Separating ads from publishing can protect rights that US privacy laws do not address. A majority of proposed and enacted privacy laws in the U.S. regulate data sharing between distinct companies more strictly than data sharing within a single corporation. For example, the California Privacy Rights Act (CPRA) allows users to opt out of having their personal information “shared or sold,” but it does not give users the right to object to many kinds of intra-company sharing—like when Google’s search engine shares data with Google Ads to enable hyper-specific behavioral targeting on Google properties. Breaking user-facing services apart from advertiser-facing businesses will make it easier to regulate these flows of private information.
Splitting ad empires apart also holds the promise of a fairer ad market. Removing tech companies’ content and app businesses from their ad businesses, and splitting the sell-side and buy-side of the ad-tech stack, will make self-preferencing, bid-rigging, and other forms of fraud and cheating less profitable, less lucrative, and easier to detect. This will help media producers and individual creators get their rightful share of revenue from the ads that run against their work, and it will help protect small businesses and other advertisers from being price-gouged or defrauded by powerful, integrated ad-tech businesses.

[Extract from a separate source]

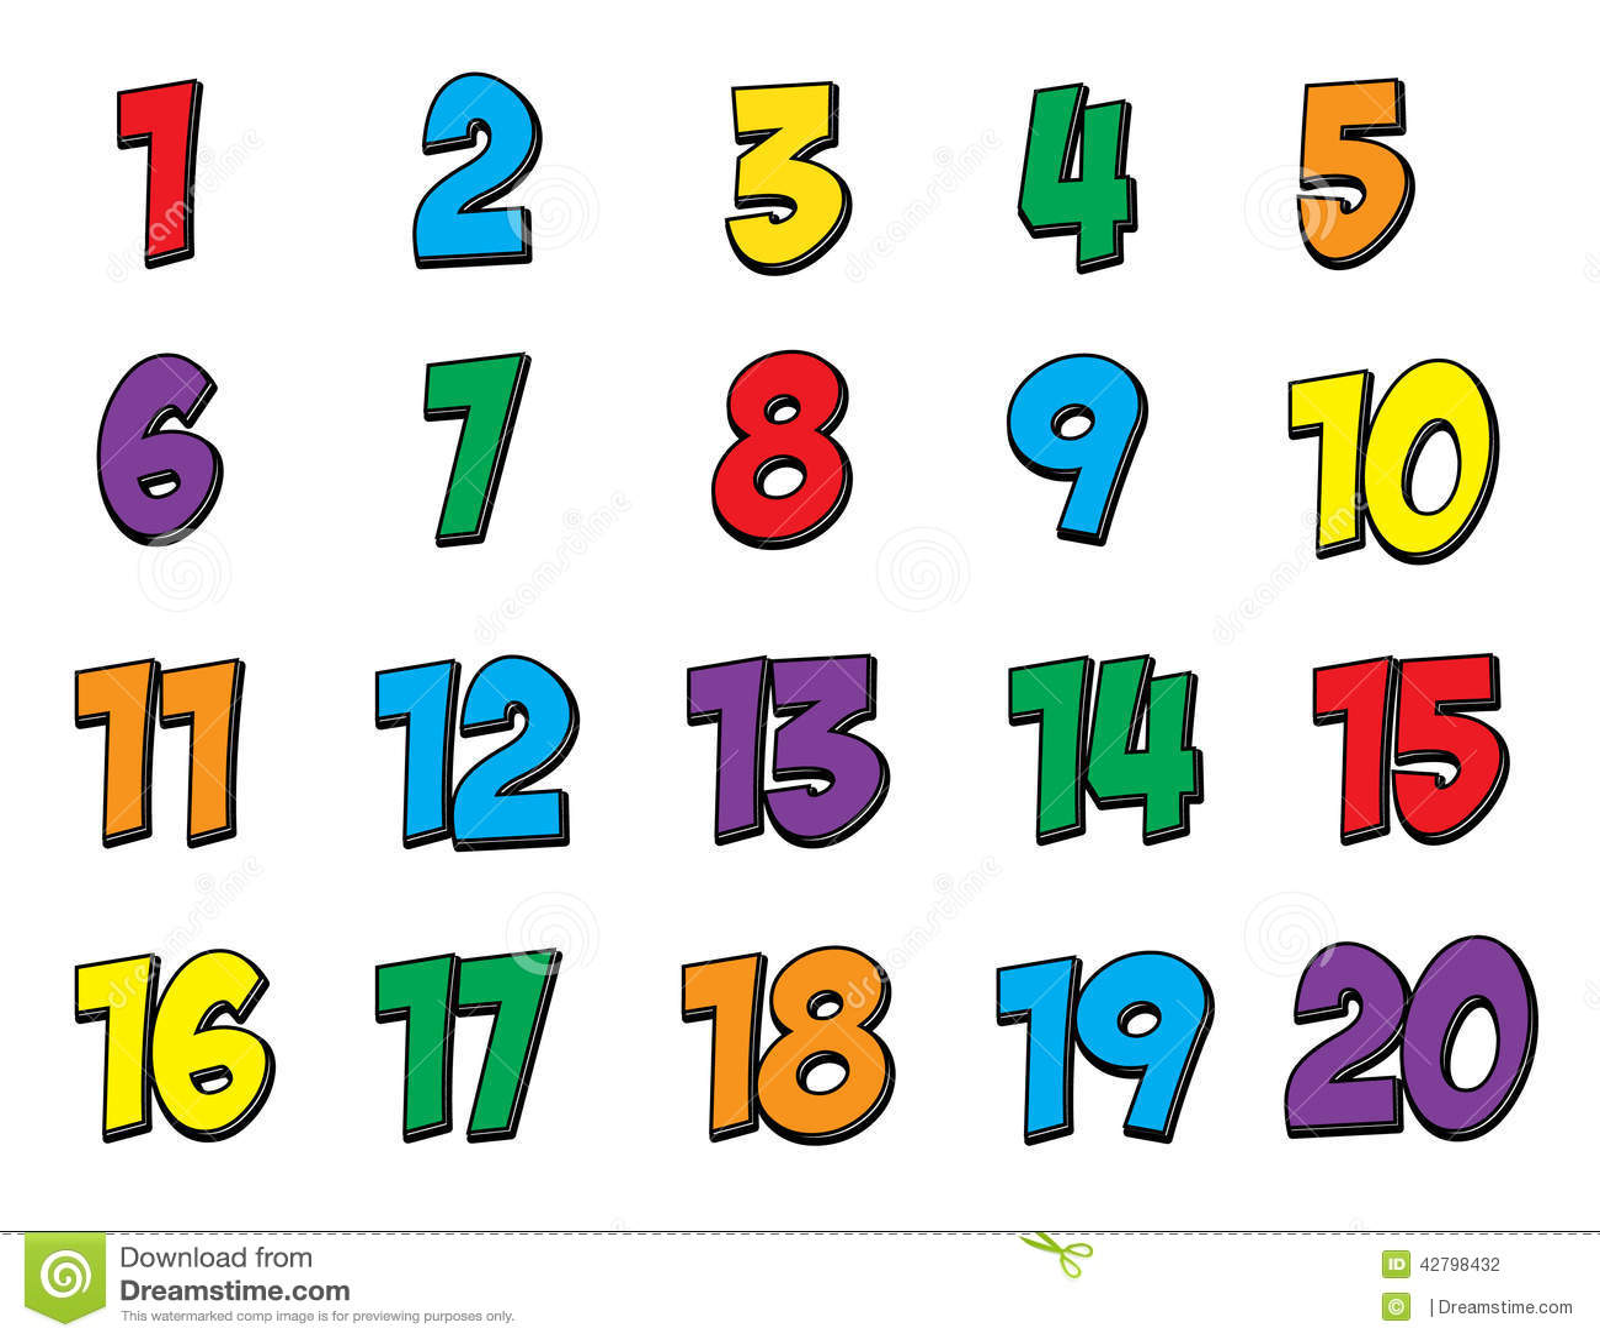 Colorful Number Set 1-20 Stock Illustration - Image: 42798432

The Digital Advertising Act is a bold, promising legislative proposal. It could split apart the most toxic parts of Big Tech to make the internet more competitive, more decentralized, and more respectful of users’ digital human rights, like the right to privacy. As with any complex legislation, the impacts of this bill must be thoroughly explored before it becomes law. But we believe in the methods described in the bill: they have the power to reshape the internet for the better.